Pombase-specific. Links changes in genome coordinates in the file only_modified_coordinates.tsv
to either:
- Comments from PomBase website. The file from PomBase curation repository lists some (not all) of the gene feature changes, and the reasons that led to them (a publication, personal communication, etc.).
- Changes in
dbxref
that occurred in the same revision as a change recorded inonly_modified_coordinates.tsv
.
To run this:
# Make the associations
python associate_comments_with_genome_changes.py
From all genomes stored in data/*, see if in any of them the genome SEQUENCE changed (not the features). This is normally output into results/genome_sequence_changes.tsv
python get_revisions_where_genome_sequence_changes.py --data data/* --output_file output.tsv
rm pre_svn_data/*/change_log/*/*.tsv
rm data/*/change_log/*/*.tsv
Some of the contig files pre-date the use of SVN, to download them and calculate the differences, they are in the ftp server of PomBase: https://www.pombase.org/data/genome_sequence_and_features/artemis_files/OLD/. The full list of those that pre-date svn are in the file . The output coordinates file can be found in results/pre_svn_coordinate_changes_file.tsv. The qualifier changes file is too big, and can be found in the latest release (gene_changes_comments_and_pmids/pre_svn_qualifier_changes_file.tsv). The file is used by update_file.sh
(see above), and for that it is downloaded from the latest release.
# Download files from first revision of svn and prepare directory structure (pre_svn_data)
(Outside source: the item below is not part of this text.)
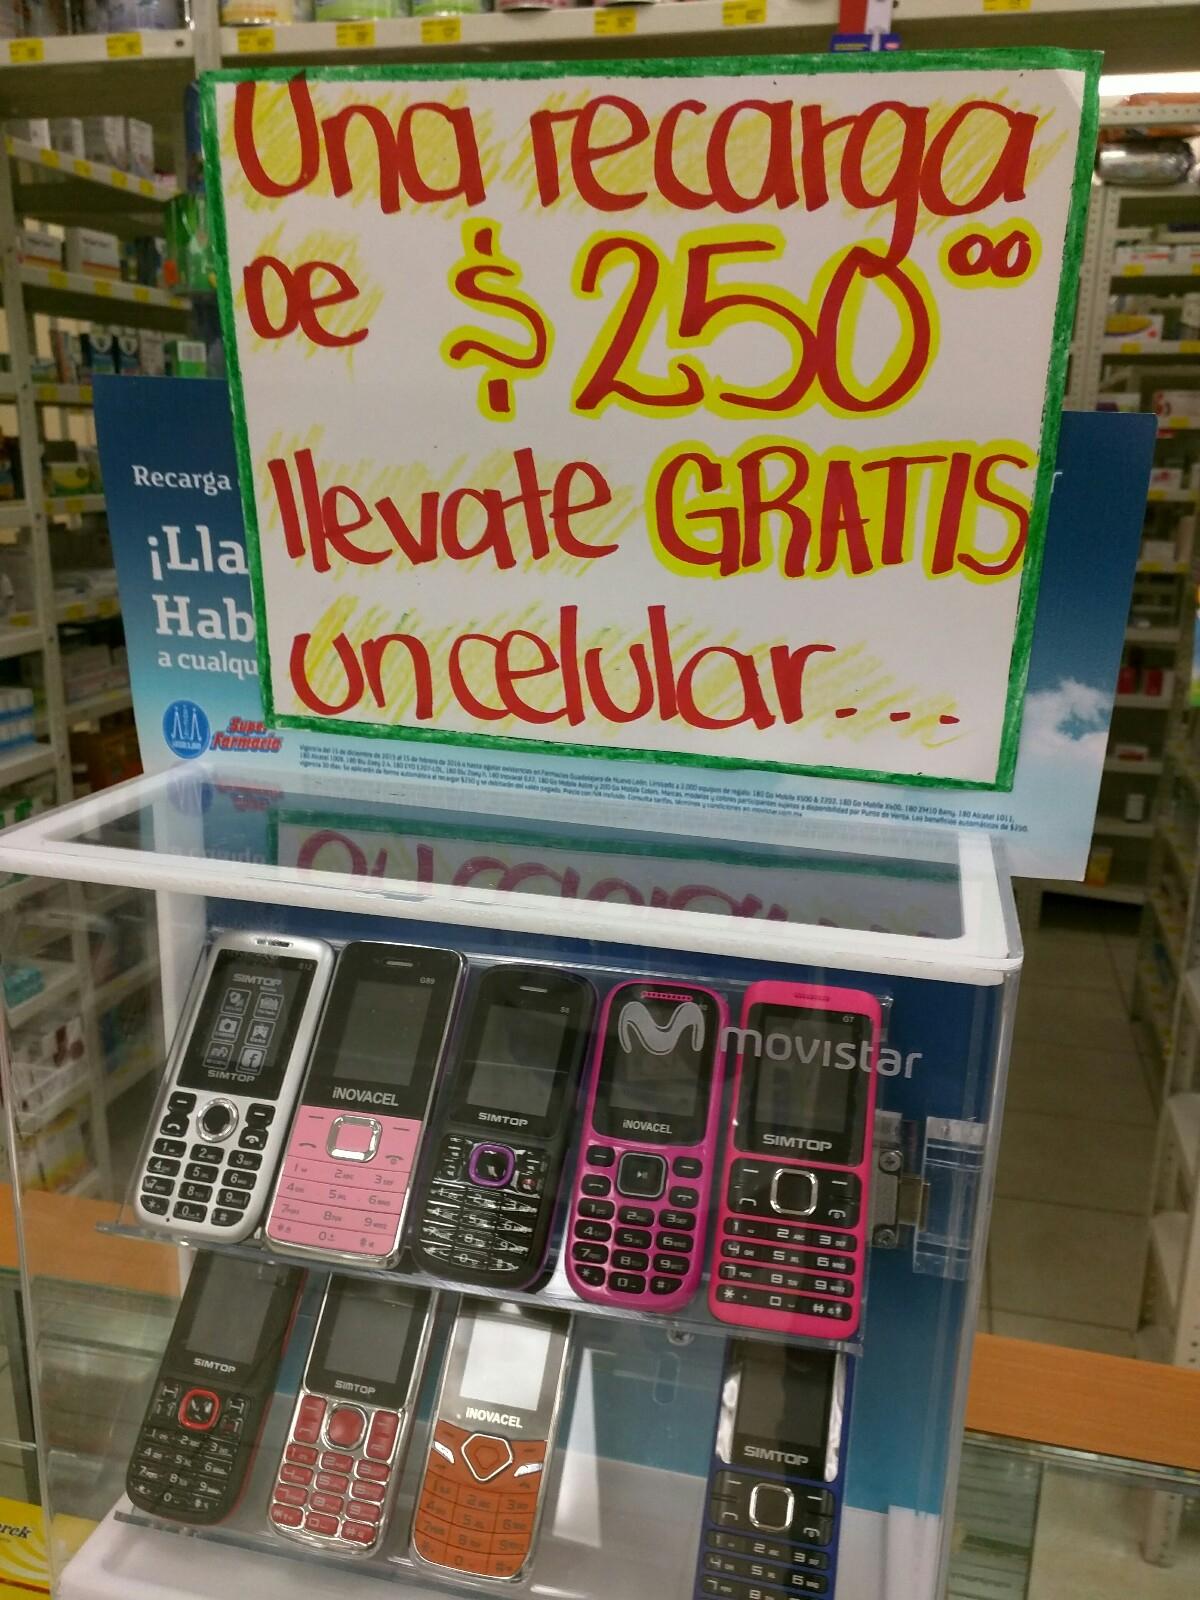 Farmacias Guadalajara: Celular gratis en recargas de $250

bash prepare_pre_svn_folder.sh
# Download the contig files from ftp site and produce an equivalent to the revisions.txt described above, also fix known errors
python get_ftp_site_files.py
# Run the diffs on the pre_svn_data directory
python pombe_svn_diff.py --data_folders pre_svn_data/*
# Combine in single files
python create_single_coordinate_changes_file.py --data_folder pre_svn_data/ --output_file coordinate_changes_file.tsv
python create_single_qualifier_changes_file.py --data_folder pre_svn_data/ --output_file qualifier_changes_file.tsv
get_all_entries_for_systematic_id.sh
, takes one argument, a systematic_id.